BEGIN The data

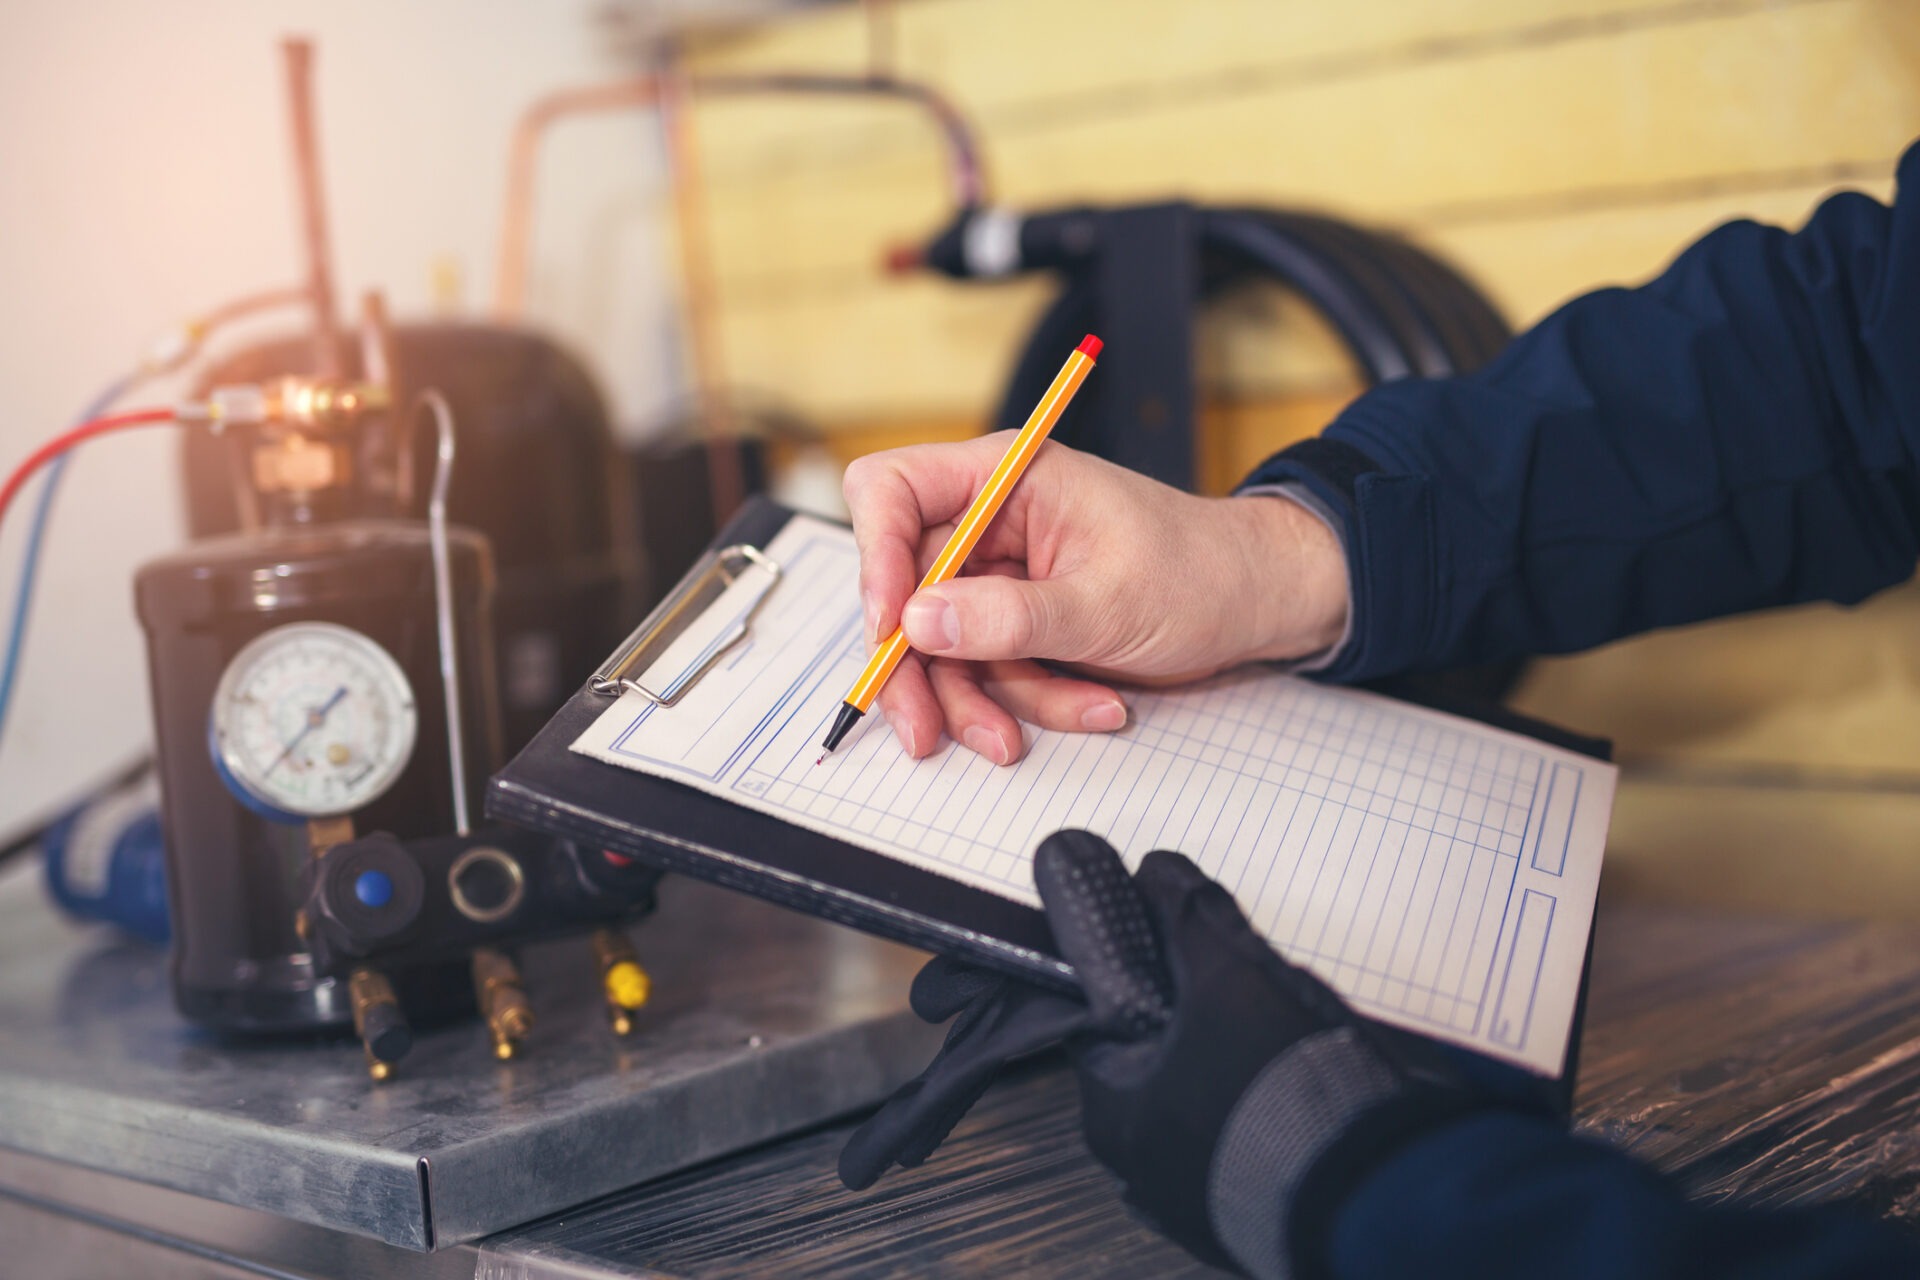 A person is writing on a clipboard with a pencil near HVAC equipment, possibly performing maintenance or checking system operations with focus on precision.
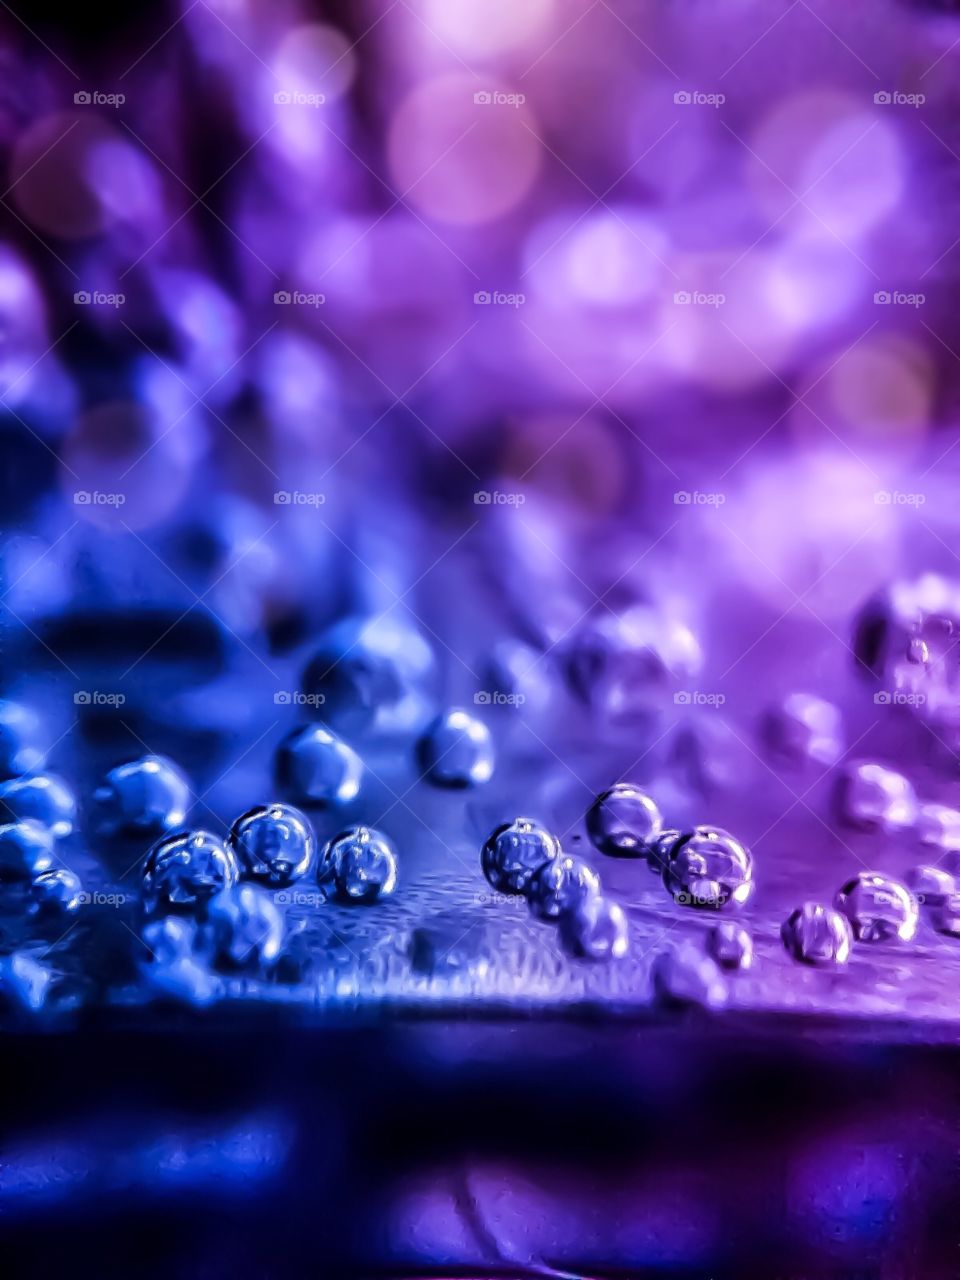 Bubbles on the blurred blue and purple background 
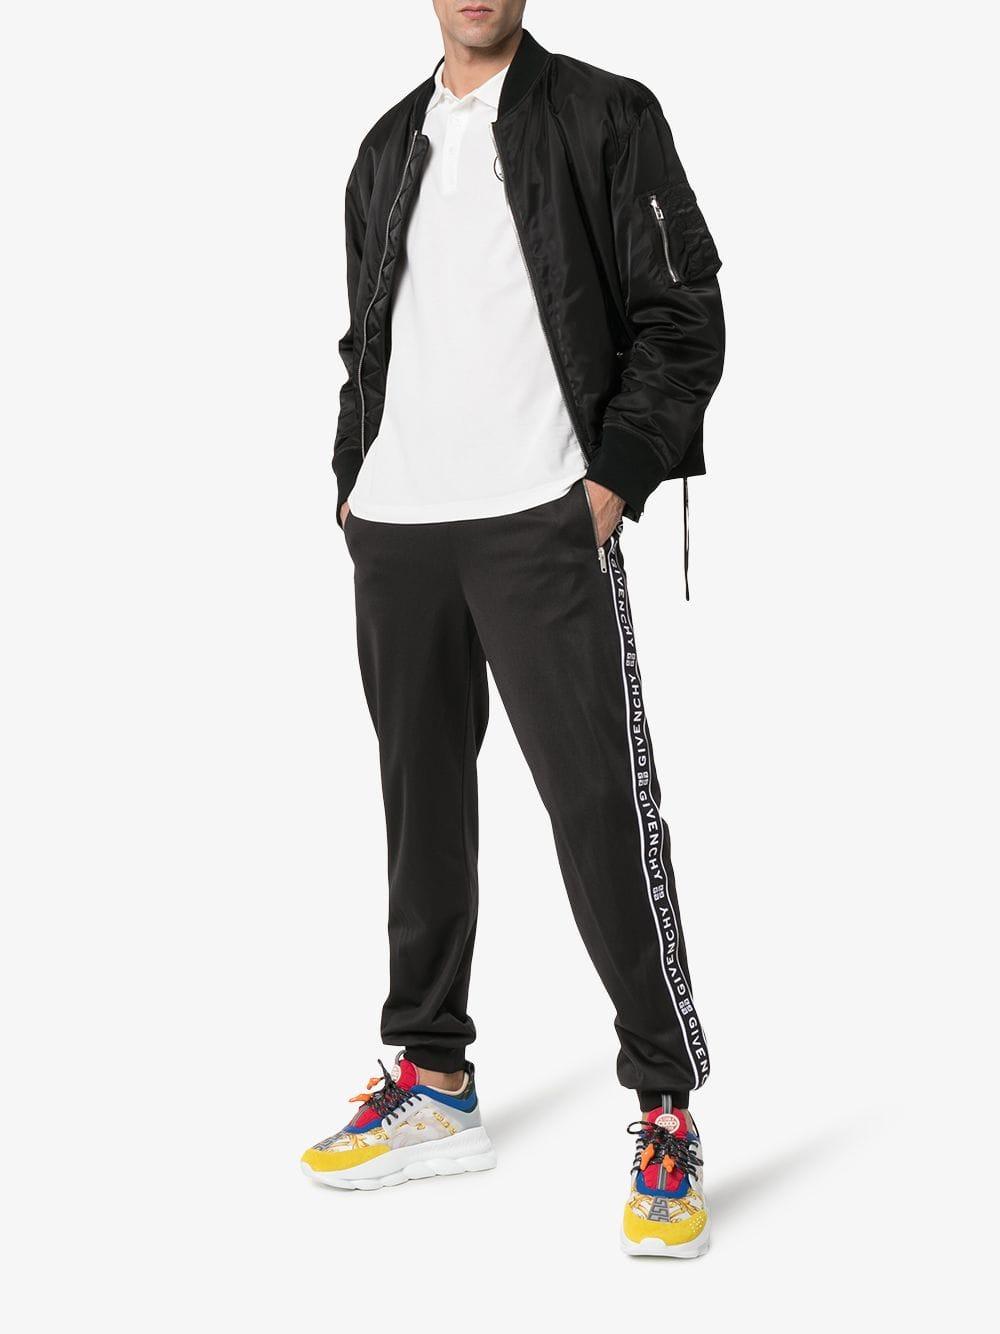 Givenchy Synthetic Logo Stripe Track Pants Black for Men - Lyst

END The data

> _Exercise instructions_:
Please write out the whole listing exactly, but not the pictures in it.

> _Result below_:
 A person is writing on a clipboard with a pencil near HVAC equipment, possibly performing maintenance or checking system operations with focus on precision.
 Bubbles on the blurred blue and purple background 
 Givenchy Synthetic Logo Stripe Track Pants Black for Men - Lyst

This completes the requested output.